Given the equation $\sqrt{x^{2}+2 x y+y^{6}}=8$, evaluate $\frac{d y}{d x}$. Assume that the equation implicitly defines $y$ as a differentiable function of $x$.
If $F(x, y)=\sqrt{x^{2}+2 x y+y^{6}}-8=0$, then $F_{x}=$
If $F(x, y)=\sqrt{x^{2}+2 x y+y^{6}}-8=0$, then $F_{y}=$
\[
\frac{d y}{d x}=
\]

Step 1 ：Given the equation \(\sqrt{x^{2}+2 x y+y^{6}}=8\), we are asked to evaluate \(\frac{d y}{d x}\).
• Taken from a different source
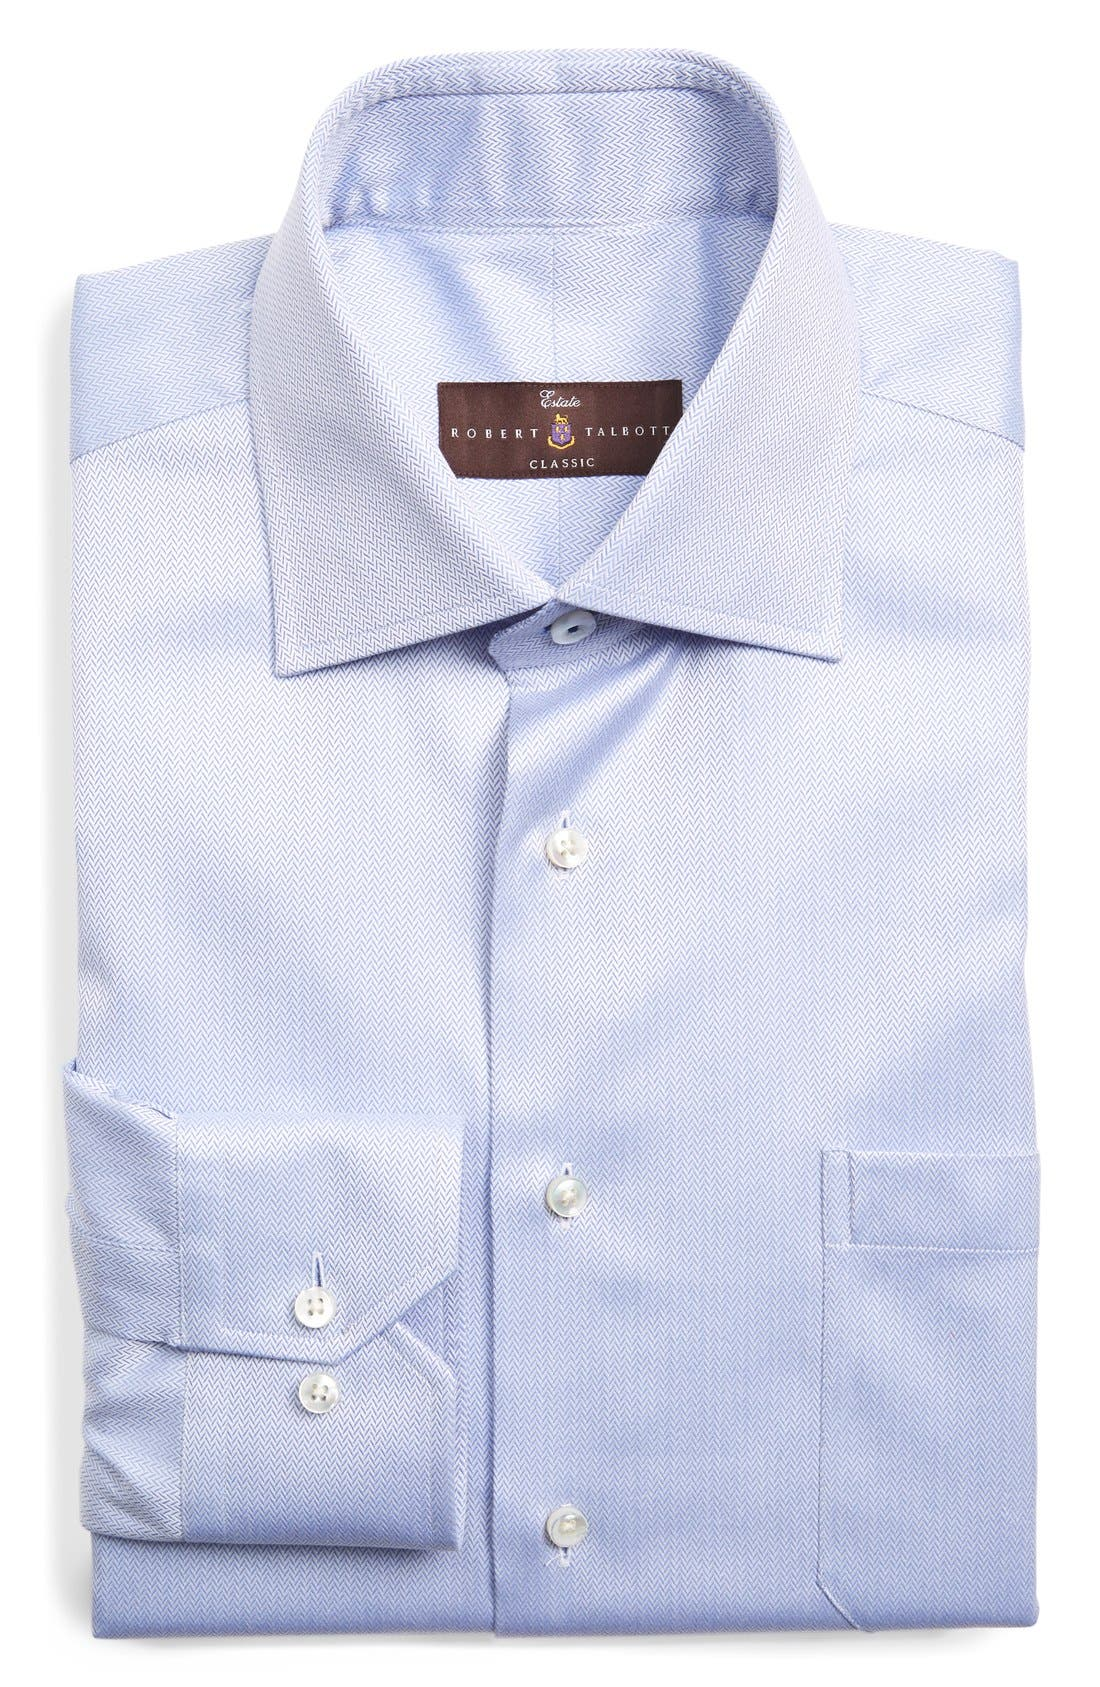 Classic Fit Dress Shirt,                         Main,                         color, Sky

We assume that the equation implicitly defines \(y\) as a differentiable function of \(x\).

Step 2 ：We define a function \(F(x, y)=\sqrt{x^{2}+2 x y+y^{6}}-8=0\).

Step 3 ：We find the partial derivatives of \(F\) with respect to \(x\) and \(y\), denoted as \(F_{x}\) and \(F_{y}\) respectively.

Step 4 ：\(F_{x} = \frac{x + y}{\sqrt{x^{2} + 2*x*y + y^{6}}}\)

Step 5 ：\(F_{y} = \frac{x + 3*y^{5}}{\sqrt{x^{2} + 2*x*y + y^{6}}}\)

Step 6 ：We can find \(\frac{d y}{d x}\) using the implicit differentiation method, which gives us \(\frac{d y}{d x} = -\frac{F_{x}}{F_{y}}\).

Step 7 ：Substituting the values of \(F_{x}\) and \(F_{y}\) into the equation, we get \(\frac{d y}{d x} = -\frac{x + y}{x + 3y^{5}}\).

Step 8 ：\(\boxed{\frac{d y}{d x} = -\frac{x + y}{x + 3y^{5}}}\) is the final answer.